是最美好的睡眠,一夜無夢,隻有動人的黑甜,當她再度睜眼的時候,天光已經灑進了床帳,畢竟容妘還在,霍霄並沒有留在她的**,容姝往旁邊的位置一摸,還有著一點點屬於他的熱氣在。
不知怎的,容姝臉上掛著淺淺的笑容,光是這麽想著他,居然也能讓她心情愉悅,察覺到自己的情緒,容姝忍不住伸出手拍了拍自己的臉頰,“真是的,一早泛什麽癡呢!”

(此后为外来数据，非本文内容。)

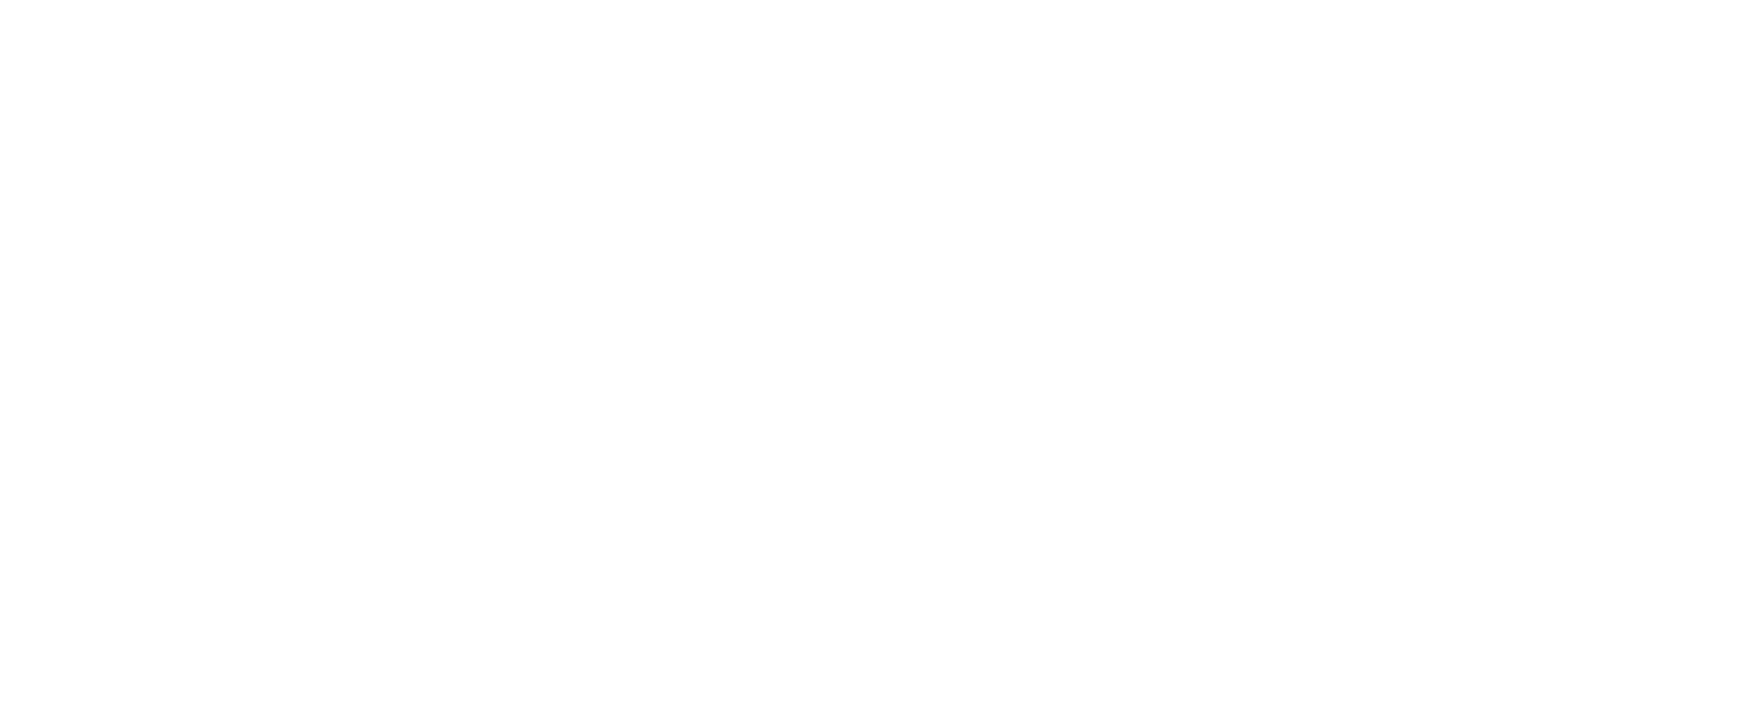 Koenigsegg new horizontal logo

“姑娘總算醒了,太子妃和霍統領在朝曦亭擺了早點,就差您了。”夏荷端著盥盆來伺候容姝洗漱,秋楓則將容姝的衣物和首飾擺了出來,容姝一邊盥洗,一邊搭衣裳,兩婢子給她梳好發樣以後,容姝挑了一朵絹花戴了上去。
抿了抿口脂,輕掃蛾眉之後容姝便起身往外走。
朝曦亭是歲安居裏頭的亭子,旁邊是仿江南風格的一座假山,平日裏乘涼最是合適,在兩姐妹都待字閨中的時候,時常會在涼亭裏頭用膳,兩個人都不是太守舊規的人。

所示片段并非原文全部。